Après avoir, en préambule, affirmé leur adhésion aux
Objectifs du Millénaire pour le développement adoptés par les Nations Unies, les
jeunes députés ont, en 55 articles, défini les priorités qui leur paraissent
essentielles à la mise en oeuvre des conditions favorisant le développement. Ils
ont notamment posé, en préalable, le respect des règles de fonctionnement
démocratique des Etats, la création d'un Fonds d'appui à la santé, l'éducation
pour tous... Ils ont par ailleurs placé sous le signe d'une solidarité accrue
entre les Etats francophones, les échanges économiques, l'accès aux nouvelles
technologies et le respect de l'environnement. Tout comme la Charte du jeune
citoyen du XXIème siècle adoptée à Québec en 2001, la Déclaration de Niamey sur
le développement sera présentée au Sommet des chefs d'Etat et de gouvernement de
Ouagadougou fin 2004.
La prochaine session annuelle de l’Assemblée parlementaire de
la Francophonie se tiendra à Charlottetown (Canada – Ile du Prince Édouard)
début juillet 2004.
CONFÉRENCE MINISTÉRIELLE
DE LA FRANCOPHONIE
SUR LA SOCIETE DE L’INFORMATION
Rabat (Maroc), 3
– 5 septembre 2003

La Conférence ministérielle de
la Francophonie sur la société de l'information (S. M. S. I.), qui réunissait
les ministres chargés des inforoutes des cinquante-six Etats et gouvernements
membres de l’Organisation internationale de la Francophonie, s'est tenue à Rabat
(Maroc) du 3 au 5 septembre 2003. Cette conférence avait pour objet la
préparation et l'adoption de la «Contribution de la Francophonie au Sommet
mondial sur la société de l'information» qui doit se tenir à Genève en décembre
2003, puis à Tunis en 2005.
L'APF, en tant qu'institution
de la Francophonie, avait été associée aux réflexions préparatoires. Lors de sa
session de Niamey, du 6 au 9 juillet 2003, elle avait adopté, sur la proposition
de sa commission de l'éducation, de la communication et des affaires culturelles
(CECAC), un avis sur l'avant-projet de contribution proposé par l’Agence
intergouvernementale de la Francophonie.
M. Joël Bourdin, sénateur (UMP)
de l’Eure, rapporteur de la CECAC sur les technologies de l'information et de la
communication, représentant l'APF, a participé, à Rabat, aux derniers travaux
des experts gouvernementaux chargés de finaliser le projet de contribution.

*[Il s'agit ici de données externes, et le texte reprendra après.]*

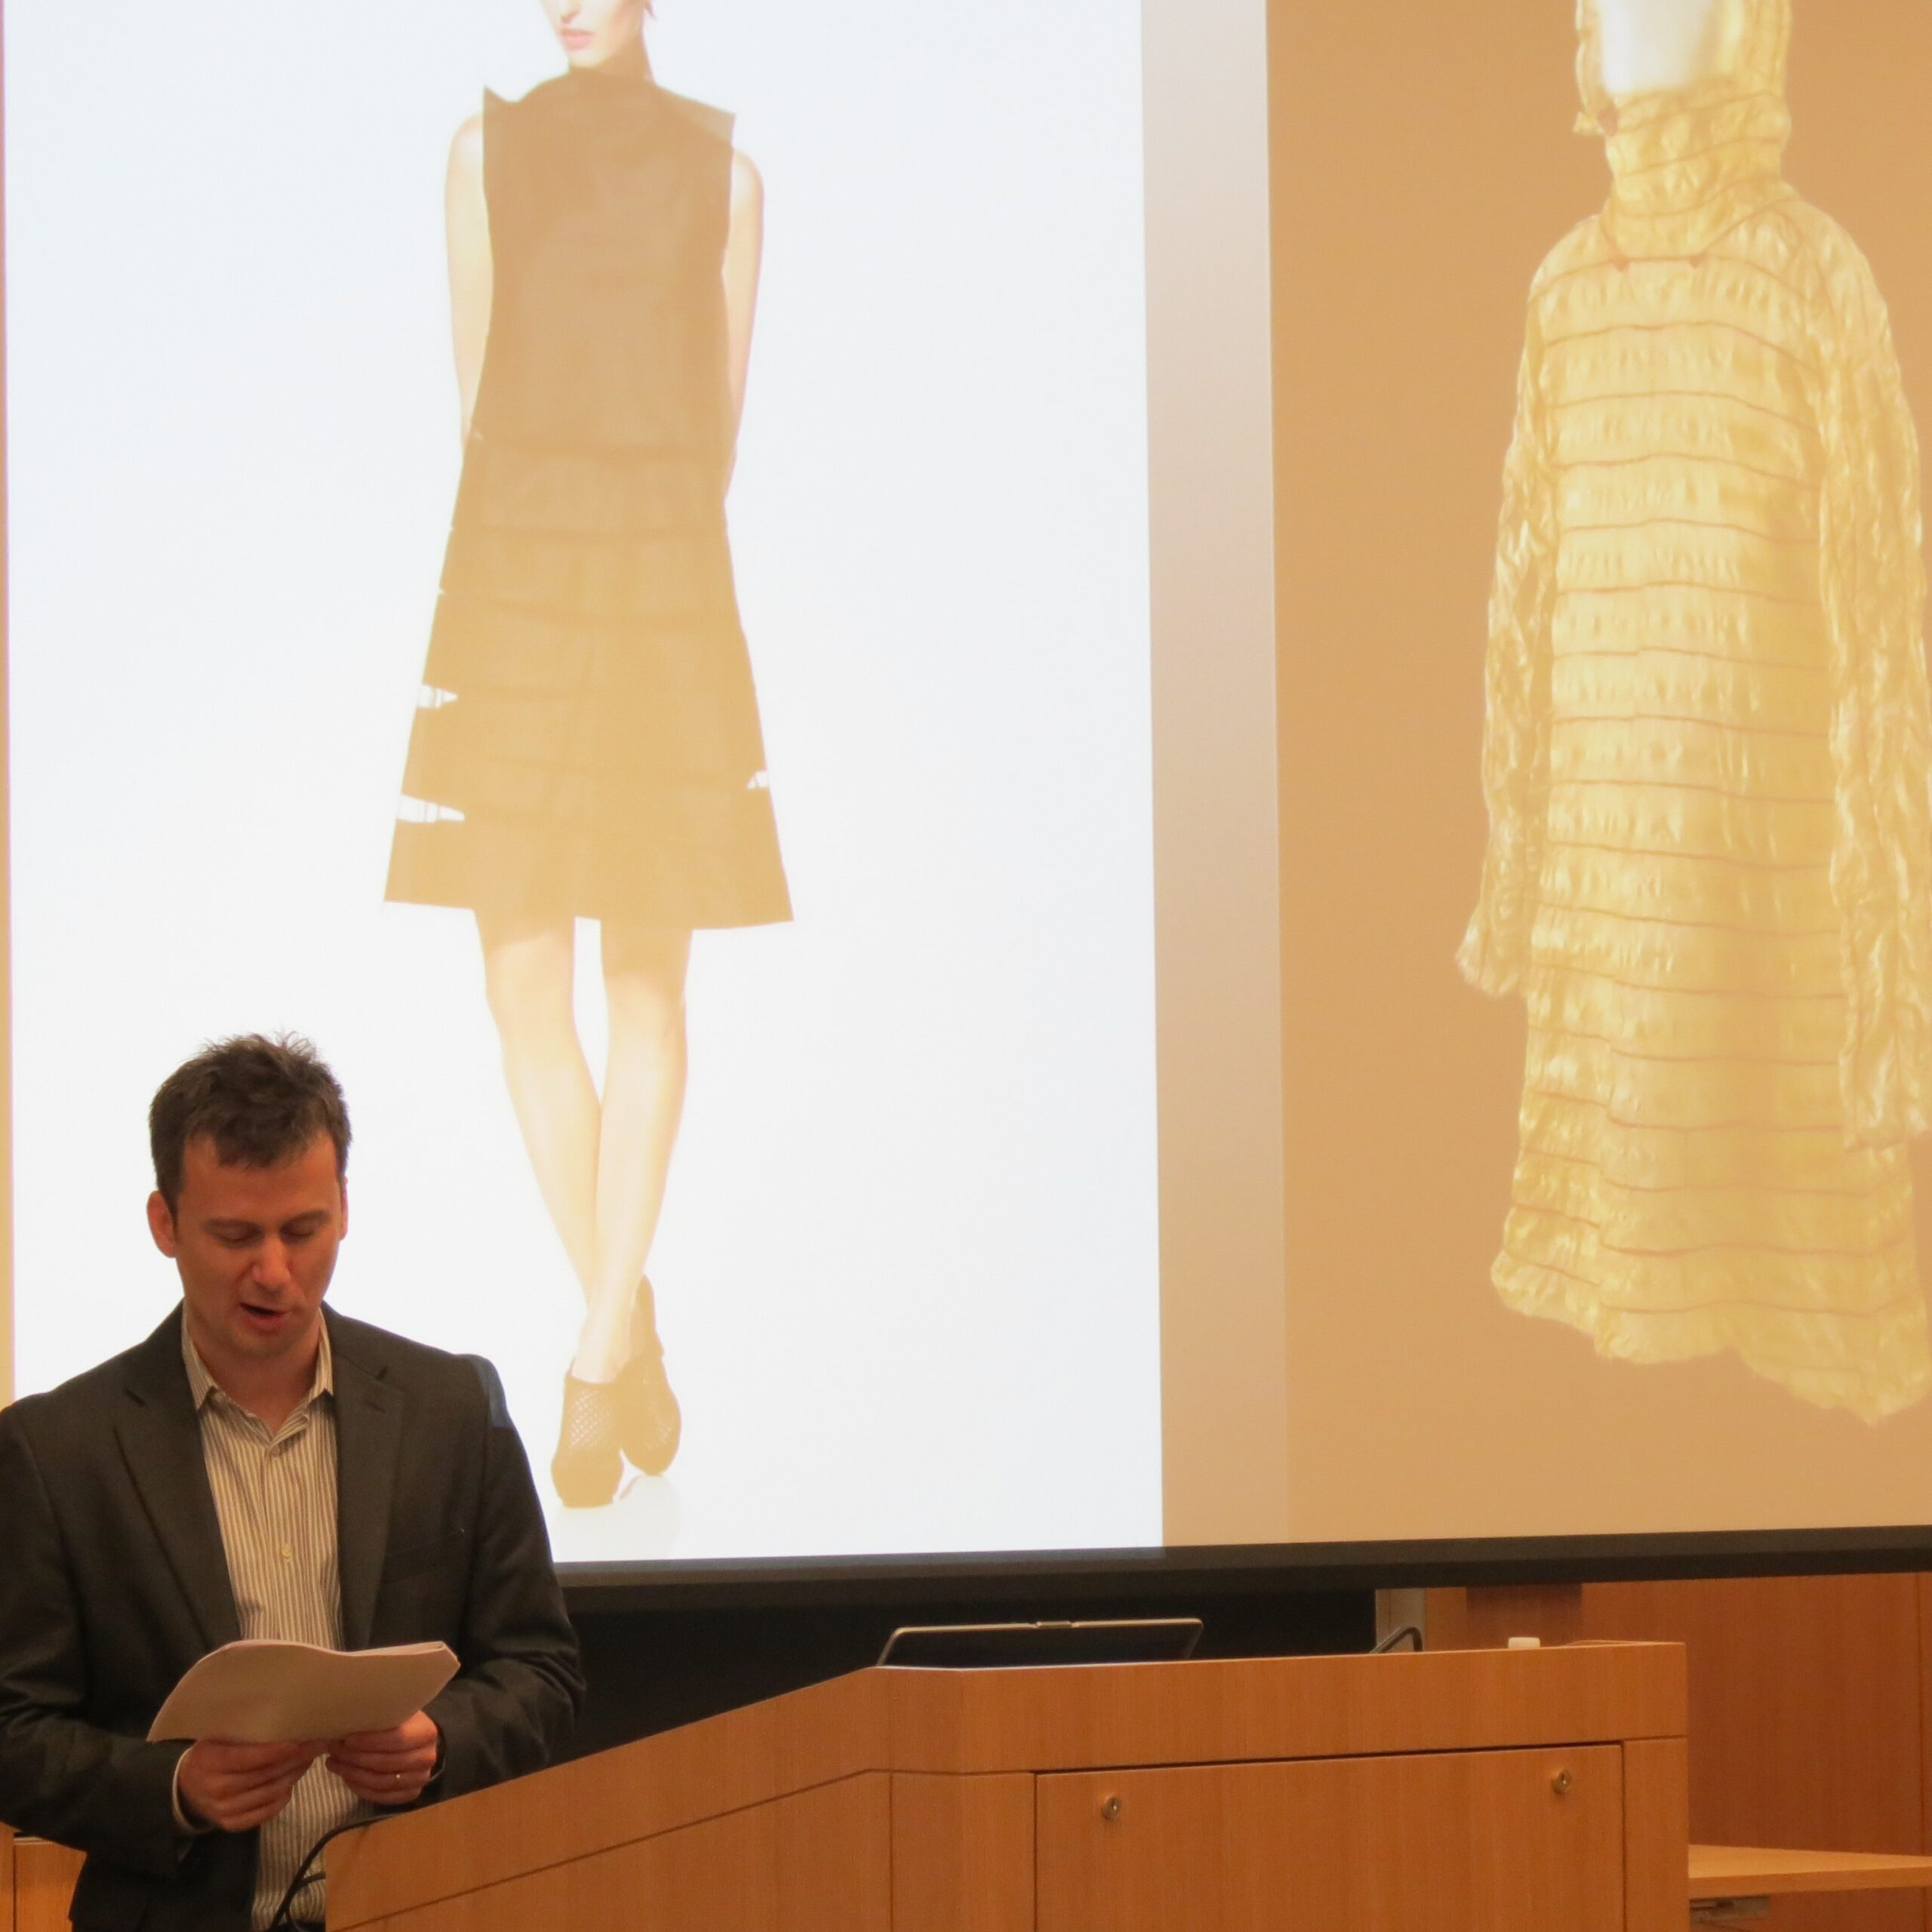 speaker reading aloud in front of slide of two dresses on mannequins

Il a ensuite, au cours de la
conférence ministérielle elle-même, présenté l'avis de l'APF sur le projet de
contribution. Il s'est félicité des grandes orientations retenues, qui
rejoignent très largement celles de l'APF. Il s’agit notamment de la fracture
numérique entre le Nord et le Sud, de l’importance de la diversité culturelle et
de l’accès des jeunes et des femmes à la société de l’information. Il a
particulièrement insisté sur les implications économiques du développement des
technologies de l'information et de la communication.

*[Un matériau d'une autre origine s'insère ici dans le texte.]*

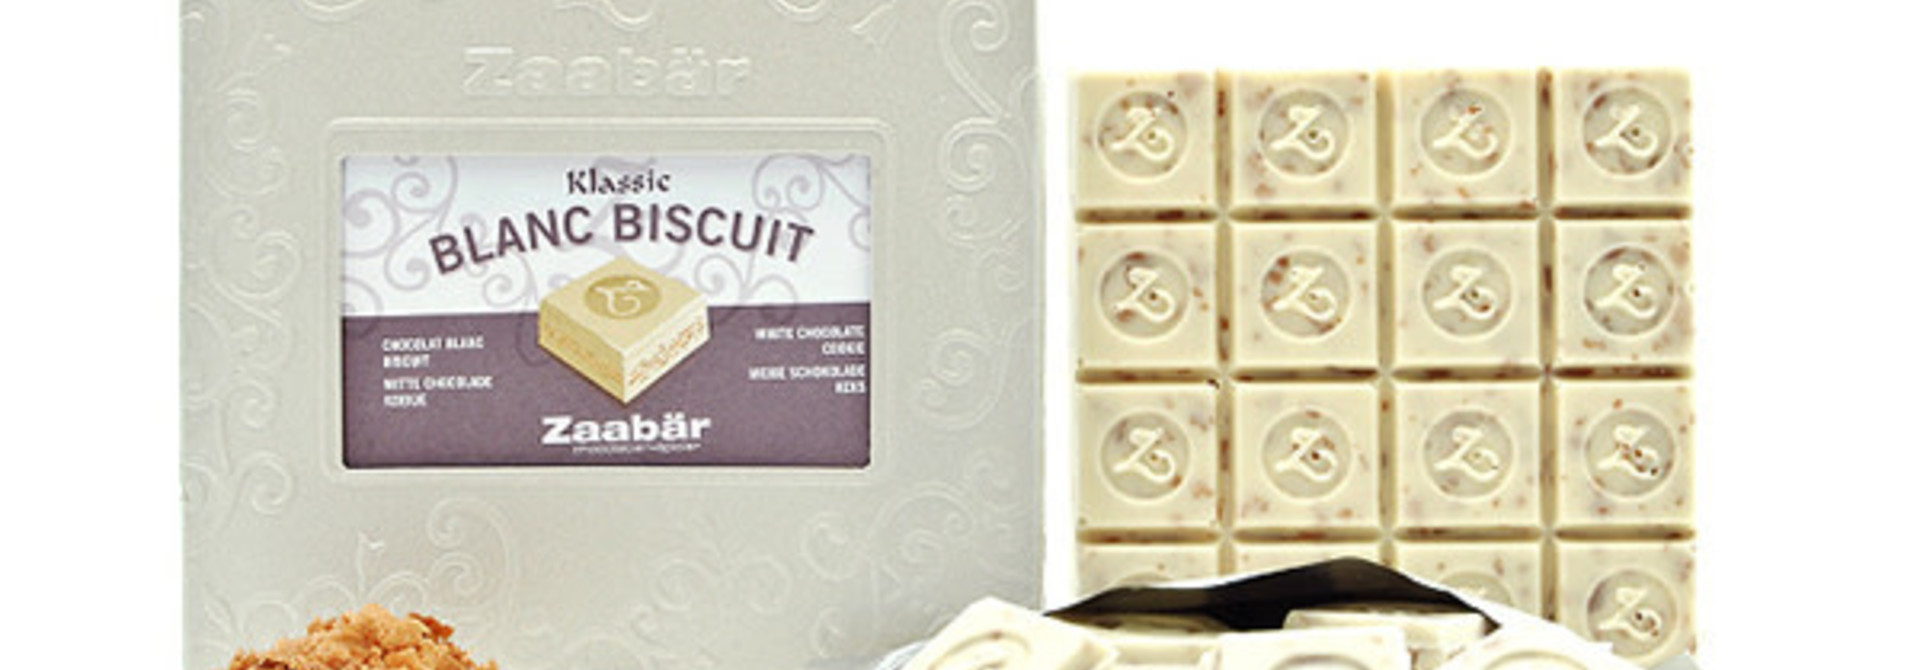 Klassic blanc biscuit

L'adoption de la contribution a
été suivie d'un débat sur les grandes orientations du futur cadre décennal
d'action de la Francophonie en matière de technologies de l'information et de la
communication.
RéUNION
DU RéSEAU PARLEMENTAIRE DE LUTTE
CONTRE LE
VIH/SIDA
Yaoundé (Cameroun), 1er
– 2 octobre 2003

Le réseau parlementaire de lutte contre le VIH/SIDA de l’Assemblée
parlementaire de la Francophonie s’est réuni à Yaoundé (Cameroun) sous la
présidence de M. Hilarion Etong, premier vice-président de l’Assemblée nationale
du Cameroun.
Treize sections de l’APF ont participé à cette réunion, dont
la section française, représentée par Mme Hélène Mignon, député (Soc) de
Haute-Garonne.
Créé lors de la 26ème session ordinaire de l'APF,
le 8 juillet 2000 à Yaoundé, le réseau tenait sa deuxième réunion. L'ordre du
jour comportait quatre points : renforcement des capacités des coordonnateurs,
modalités de fonctionnement, bilan critique du plan d'action 2002-2003 et
élaboration d'un plan d'action 2003-2004.

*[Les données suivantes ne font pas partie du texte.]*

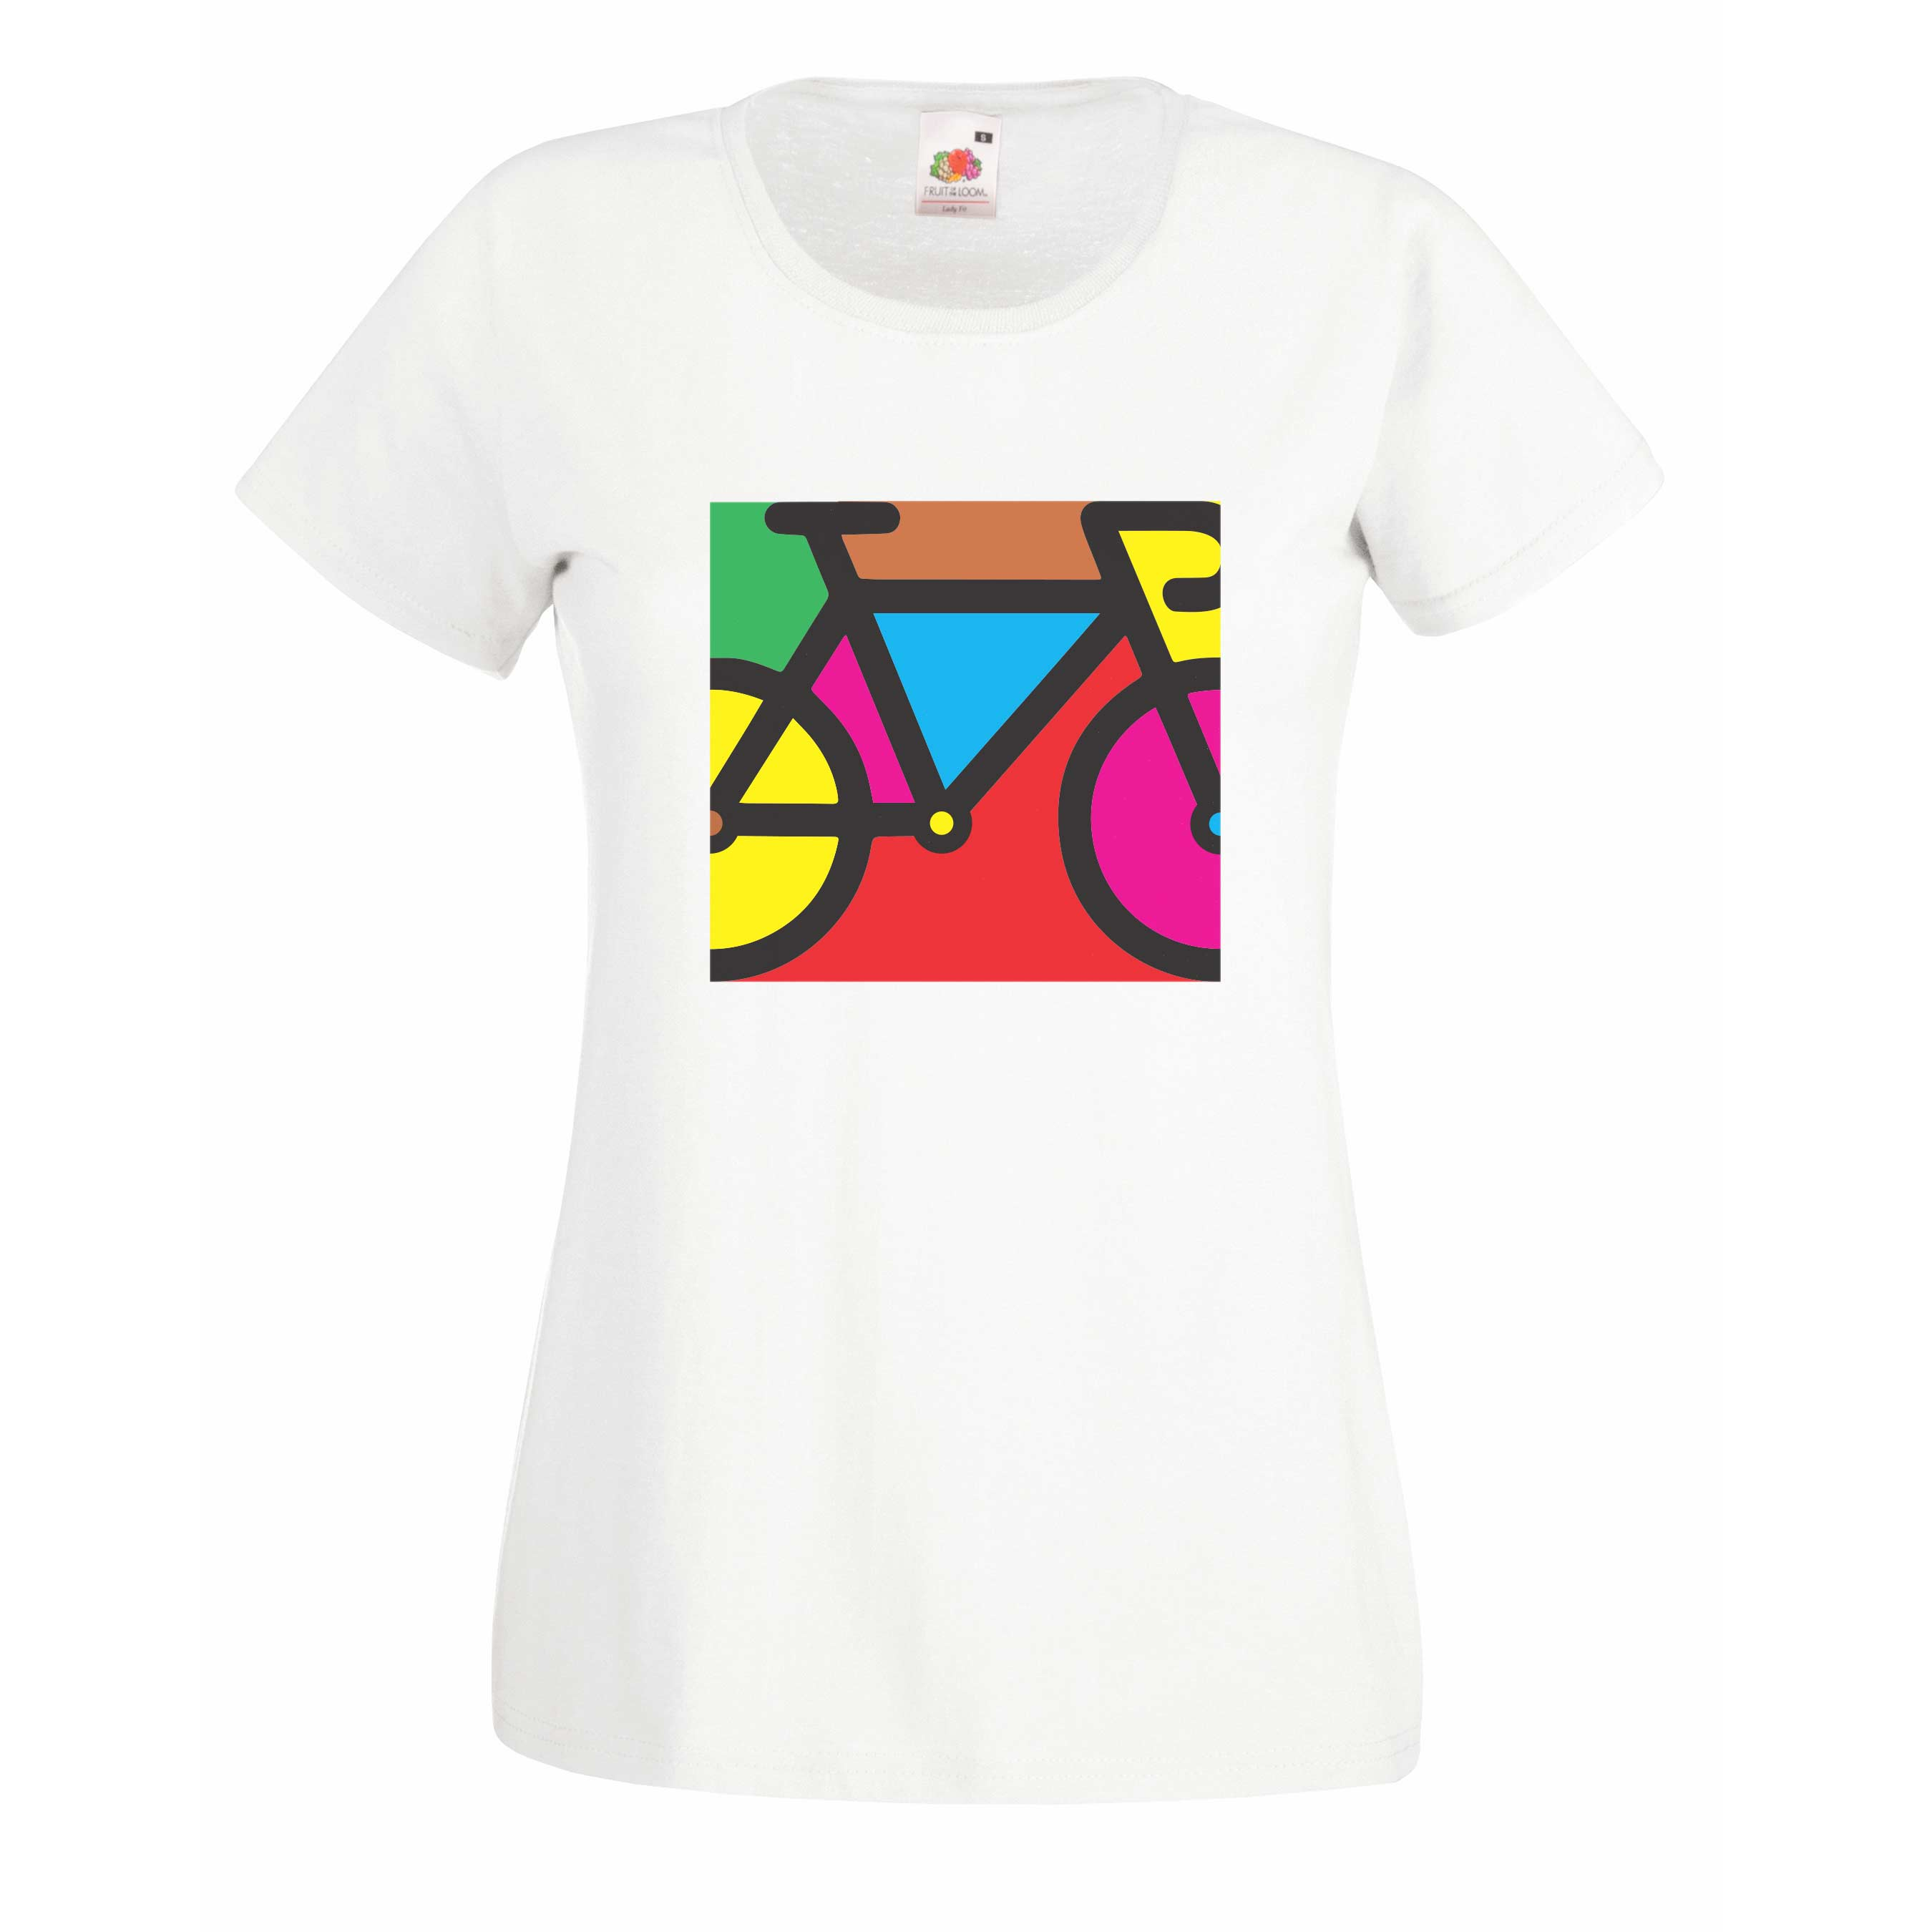 Mondrian design for t-shirt, hoodie & sweatshirt

La réunion a été ouverte par un discours de M. Urbain
Olenguena-Awono, Ministre de la santé publique du Cameroun, sur le programme
camerounais de lutte contre le VIH/SIDA.
La résolution adoptée à la fin des travaux a, notamment,
regretté la non-participation d'un certain nombre de sections et a encouragé
l'ensemble des sections qui ne l'ont pas déjà fait à désigner un coordonnateur.
XVIème Assemblée régionale Europe
Delémont (Jura),
6 – 7 novembre 2003
La XVIème Assemblée régionale
Europe de l’Assemblée parlementaire de la Francophonie s’est tenue les 6 et 7
novembre 2003 à Delémont, à l’invitation de la section du canton du Jura. Dix
sept sections de l’APF ont participé aux travaux de cette Assemblée. La
délégation de la section française, conduite par son Président-délégué, M. Bruno
Bourg-Broc, député (UMP) de la Marne, était également composée de MM. Laurent
Béteille, sénateur (UMP) de l’Essonne, Jacques Brunhes, député (CR) des
Hauts-de-Seine, Louis Duvernois, sénateur (UMP) représentant les Français
établis hors de France, Georges Fenech, député (UMP) du Rhône, et Guy Penne,
sénateur (Soc) représentant les Français établis hors de France.
Les participants ont étudié deux rapports qui ont fait
l’objet de débats approfondis et abouti à l’adoption de résolutions.
Le premier, présenté au nom de la section française par
M. Georges Fenech, portait sur « La coopération entre l’Union européenne et les
pays ACP (Afrique, Caraïbes, Pacifique) ».
Le second rapport, relatif au « Tourisme, outil de promotion
de la langue française », avait été préparé conjointement par M. Maxime
Jeanbourquin (Jura) et M. Ego Perron (Val d’Aoste).
M. Jacques Legendre, sénateur (UMP) du Nord, secrétaire
général parlementaire de l’APF, a prononcé une allocution en séance plénière.
L’Assemblée a également entendu M. José Luis Rocha,
représentant de l’Organisation internationale de la Francophonie auprès de l’Union
européenne, sur les enjeux du prochain Sommet de la Francophonie à Ouagadougou,
ainsi que Mme Marie-Christine Saragosse, directrice générale de la chaîne TV5.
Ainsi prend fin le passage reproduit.